Getting org.elasticsearch.common.util.concurrent.EsRejectedExecutionException

I have done setup of elasticsearch-1.4.2 and import ~150million records from mysql to elasticsearch.
Everything was working fine and suddenly after 2 days I was getting below exception,

Exception is present at http://pastebin.com/1Zmhd6UZ location.

I have only one data node and everything is running with default Elastic Search configuration.
I have written one scheduler which runs every 6 hours and insert 0.5 million records to elasticsearch.

Please suggest me how to solve this issue.

This is the way that elasticsearch tells you that you are sending data too quickly compared to what it can ingest. When you get such an exception, you should slow down the ingestion rate a bit.

Changing ingestion rates means amount of data to insert into elasticsearch?

Yes. This message means that you are sending too much data in parallel compared to what elasticsearch can handle, so you need to reduce the number of threads/workers that send data to elasticsearch, at least temporarily.

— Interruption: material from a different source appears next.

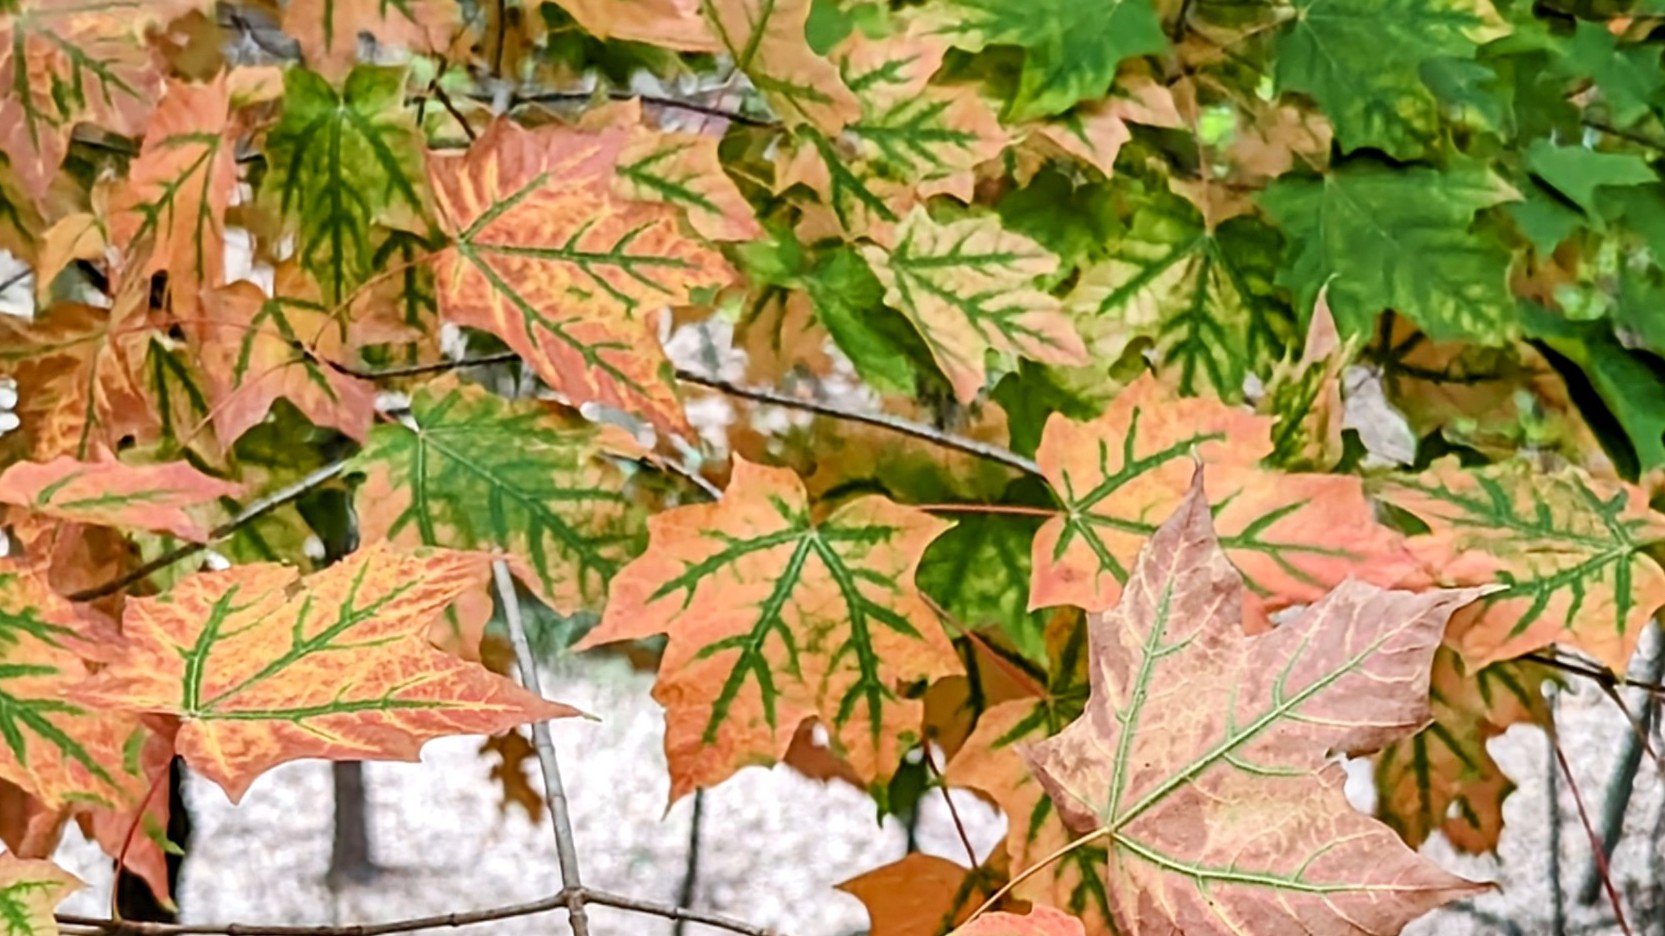 Maple leaves on sand dunes in early September have just started to change color. Michigan, 2023

Can you please help me in below understanding,
while importing ~150 million data from mysql to elasticsearch I didn't get this error whereas during scheduler run I am getting this error.
Any specific reason for this?

If you did the indexing in similar conditions then this is a bit surprising.

Here is the way I am doing the indexing,

A. To Fetch ~150 million records

curl -XPUT 'http://XXX.X.X.XXX:9200/_river/blk_jdbc_river/_meta' -d '{
"type" : "jdbc",
"jdbc" : {
"strategy": "simple",
"autocommit": true,
"driver" : "com.mysql.jdbc.Driver",
"url" : "jdbc:mysql://localhost:3306/KA",
"user" : "",
"password" : "
**",
"sql" : [
{
"statement" : "select id as "_id", p_id as "pid" ,s_id as "sid" ,d_name as "dname" from sohil"
}
],
"maxbulkactions":5000,
"maxconcurrrentbulkactions":1,
"index" : "blks",
"type" : "blk",
"type_mapping": {"blks" : {"properties" : {"_id":{"type":"long","store":"yes"},"dname":{"type":"string","store":"yes","index":"not_analyzed"},"pid":{"type":"long","store":"yes"},"sid":{"type":"long","store":"yes"}}}}

}

}'

B. To fetch delta at every run (Frequency :- every 6 hours)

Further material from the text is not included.